Is intimacy okay if we truly love each other? Wouldn't God understand?

Full Question

I would like to provide some information on myself to help describe my situation. i was born into a catholic family and sent to sunday school, however never went to church becuase my family did not participate. I have always believed in God but recently i feel as if i have become 100X closer to him. I think its because recently someone close to me almost overdosed on pills and made me realize how short life can be sometimes. I feel as though my relationship with God is very strong and i pray everynight and feel as if he communicates back just to help me know he is with me at all times. The problem i have is that I have been with a girl for 5-6 years now and we love eachother more than anything in the world. I'm now 18 and we have had sex for about 2 years now. The odd thing is i feel okay with it because of these factors. In todays society its nearly impossible to get married until both people are 18 (she is 17) and i plan to marry her as soon as we are both of proper age, i would gladly ask her today without hesitation. I know it is not lust it is all about love and nothing else. I feel as though God would understand the situation I am in, and for this record this girl means almost everything to me and is not like some normal high school relationship where kids think theyre in love.

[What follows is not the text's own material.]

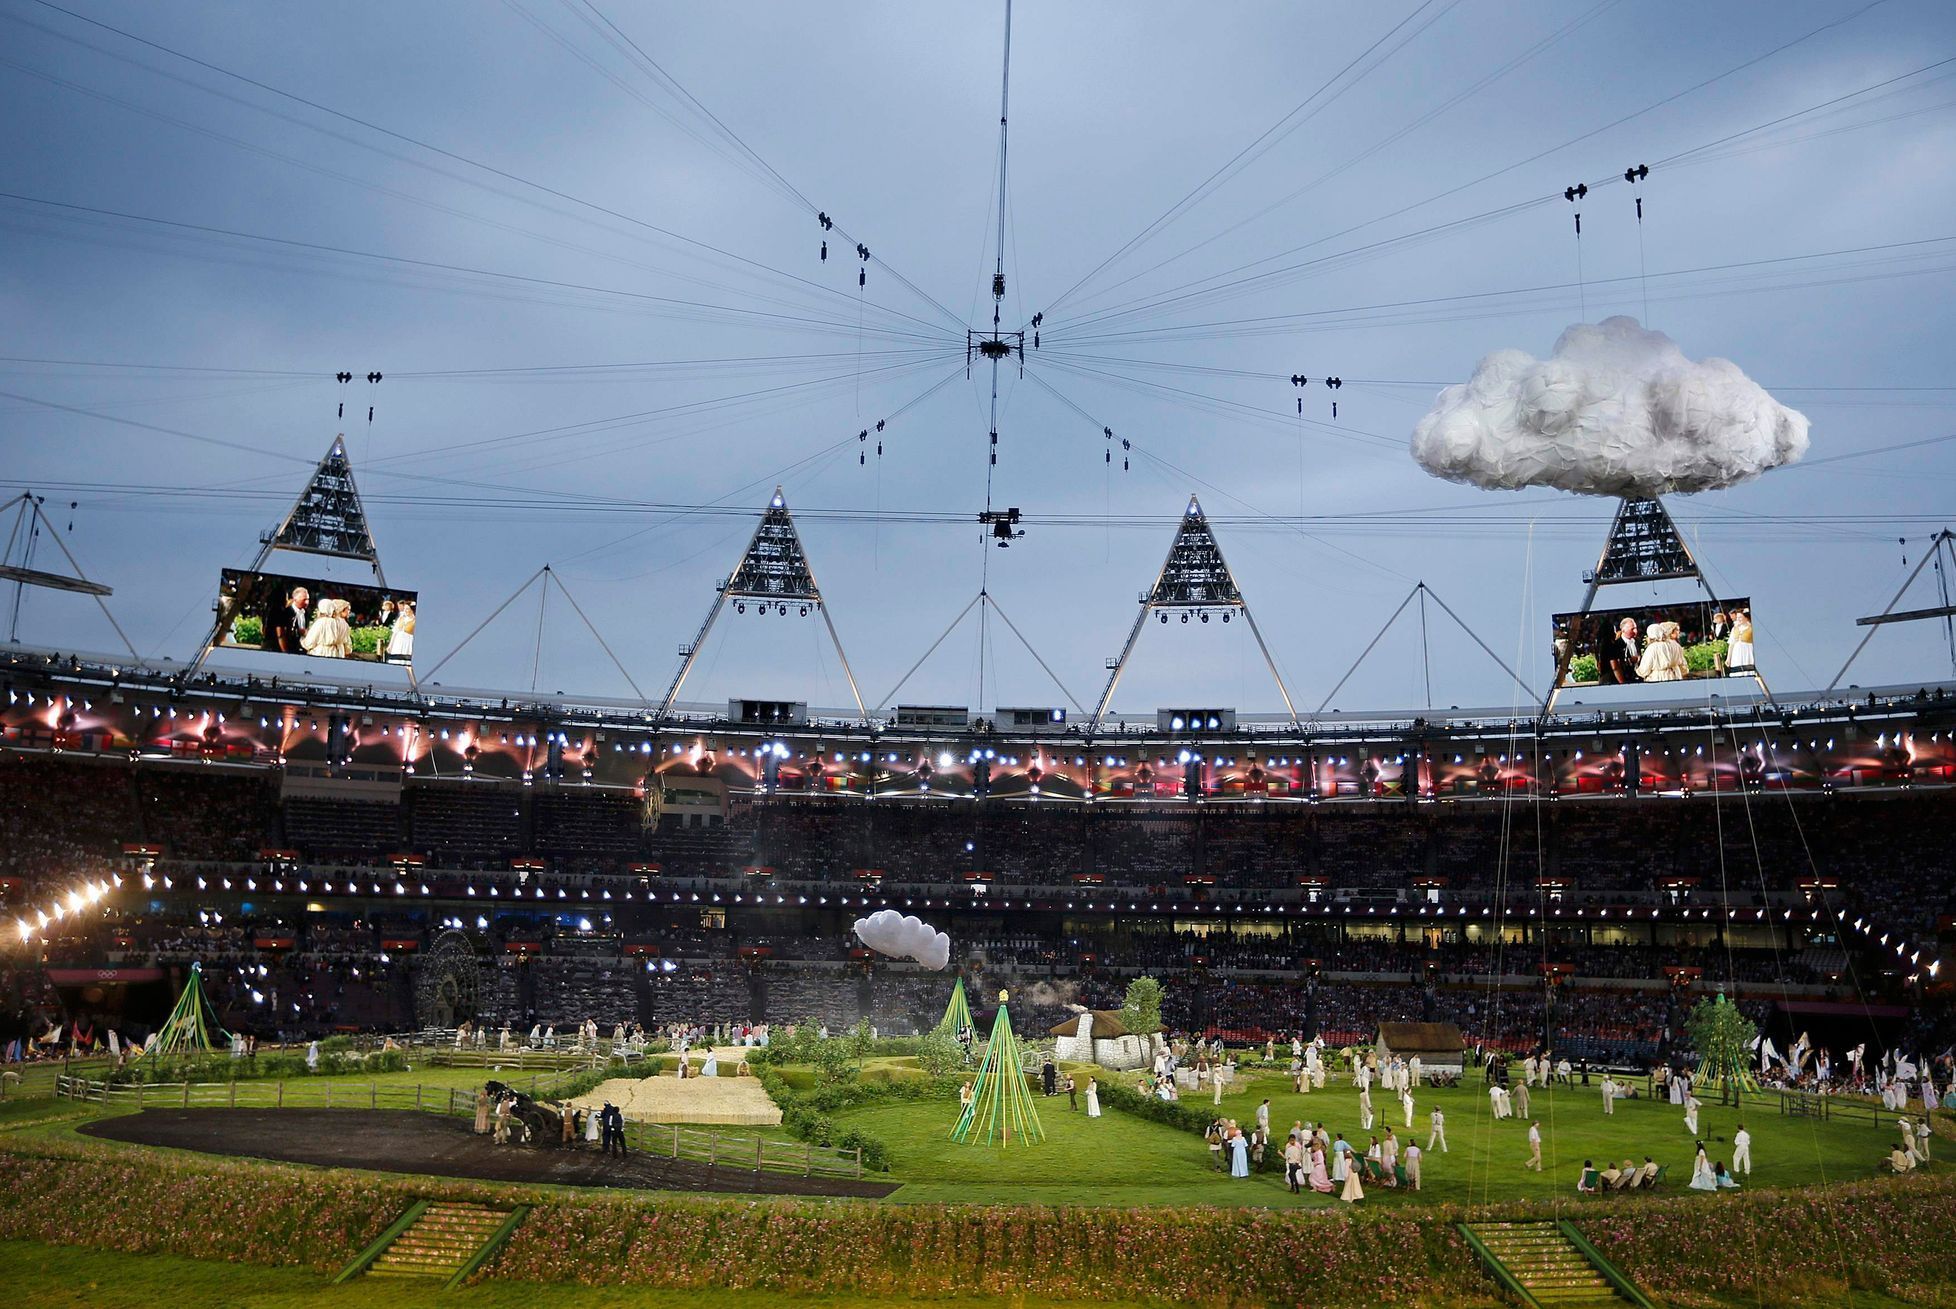 Slavnostní zahájení olympiády v Londýně 2012: ceremoniál

I just wanted to know what you guys feel and think about this, i hope you dont look down on me for asking such an odd question im really just looking for answers.

Answer

Thank you for your honesty in describing your current situation. 

No one, not even God, looks down on you for asking questions about morality and sexuality. In fact it would seem, the close relationship you speak of with God is directing you towards a deeper understanding of Him. He (God) calls man to seek him, to know him, to love him with all his strength (CCC, 1). 

You declare that you love God and you love your girlfriend - these two loves should not oppose one another. Paraphrasing St. Aquinas, love is desiring the greatest good for the beloved (CCC,1766); we, as Christians, should understand the greatest good as the will of God. The question of love takes on a new and more serious meaning - do you desire the greatest good for your girlfriend? If so, the greatest good would not be sin, which separates us from God. 

Love demands truth. Sin is an offense against reason, truth, and right conscience; it is failure in genuine love for God and neighbor (CCC, 1849). Language is meant to convey truth - no one wants to hear a lie. The body has a language as well and is also meant to convey truth. Fornication (sex between an unmarried man and unmarried woman) is a lie and sin against authentic love and God. Chastity is what is required to love truthfully. Chastity orders our sexual desires and behaviors towards the truth of authentic love; chastity requires self-mastery. The alternative is clear: either man governs his passions and finds peace, or he lets himself be dominated by them and becomes unhappy (CCC,2339). 

Sometimes when we have repeatedly sinned over a long period of time, the "feeling" that it is wrong dwindles and I would guess this is why you feel having sex for the past two years is okay and further justify the actions with love. The problem with this is that despite your feelings, they do not make right what is wrong. Good intentions (such as mutual care/love) do not make behavior that is intrinsically disordered good or just (CCC, 1753). 

"It's an abuse of language to convey lies, and it can never be loving to do so. Two consenting adults who truly love one another and want to express that love through sexual intercourse are two adults who want to consent to marriage. Out of their love for one another, they won't speak the "language" of their bodies through intercourse until that language is an expression of their commitment they have already made in their wedding vows" (The Good News of Sex & Marriage, pg. 67). 

You stated that you "feel as though God would understand the situation". Thankfully, we do not have to assume God's thoughts on these matters. Jesus condemned fornication in Matthew 15: 19-20, St. Paul preaches that fornication is among the "works of the flesh" in Gal. 5:19-21, and fornication can lead to damnation in Eph. 5:5. St. Paul also states in Eph. 5:3-5 and Col 3:5 that immorality (Greek word for fornication) is contrary to the Christian discipleship. 

The fact that you see a problem is a beautiful grace from God. This grace has illuminated your conscience and will hopefully help you move away from sin and towards conversion. God desires you (and your girlfriend) to live in union with Him and his Commandments. Jesus said, "If you love me, you will keep my commandments" (Jn. 14:15). Our commitment to Christ is proved by works and not merely by words. By how you love yourself and others is how you prove love and commitment to Christ and his laws. Living the truth about our sexuality comes down to a question of faith. Do we believe the gospel or not? Do we believe Christ came to save us from our sins? 

Jesus calls us all to conversion, "to repent, and believe in the gospel" (Mk. 1:15). A deeper relationship with God undoubtedly means a deeper conversion. The mercy of Christ is unfathomable and never ending. No sin is too big for his mercy. 

I suggest you speak with a Priest about this, make a good confession and receive the mercy of Christ. Taking up a new, pure relationship with your girlfriend will mean avoiding situations where you two are tempted to sin. Also, praying with your girlfriend for purity is a must in this battle over the flesh.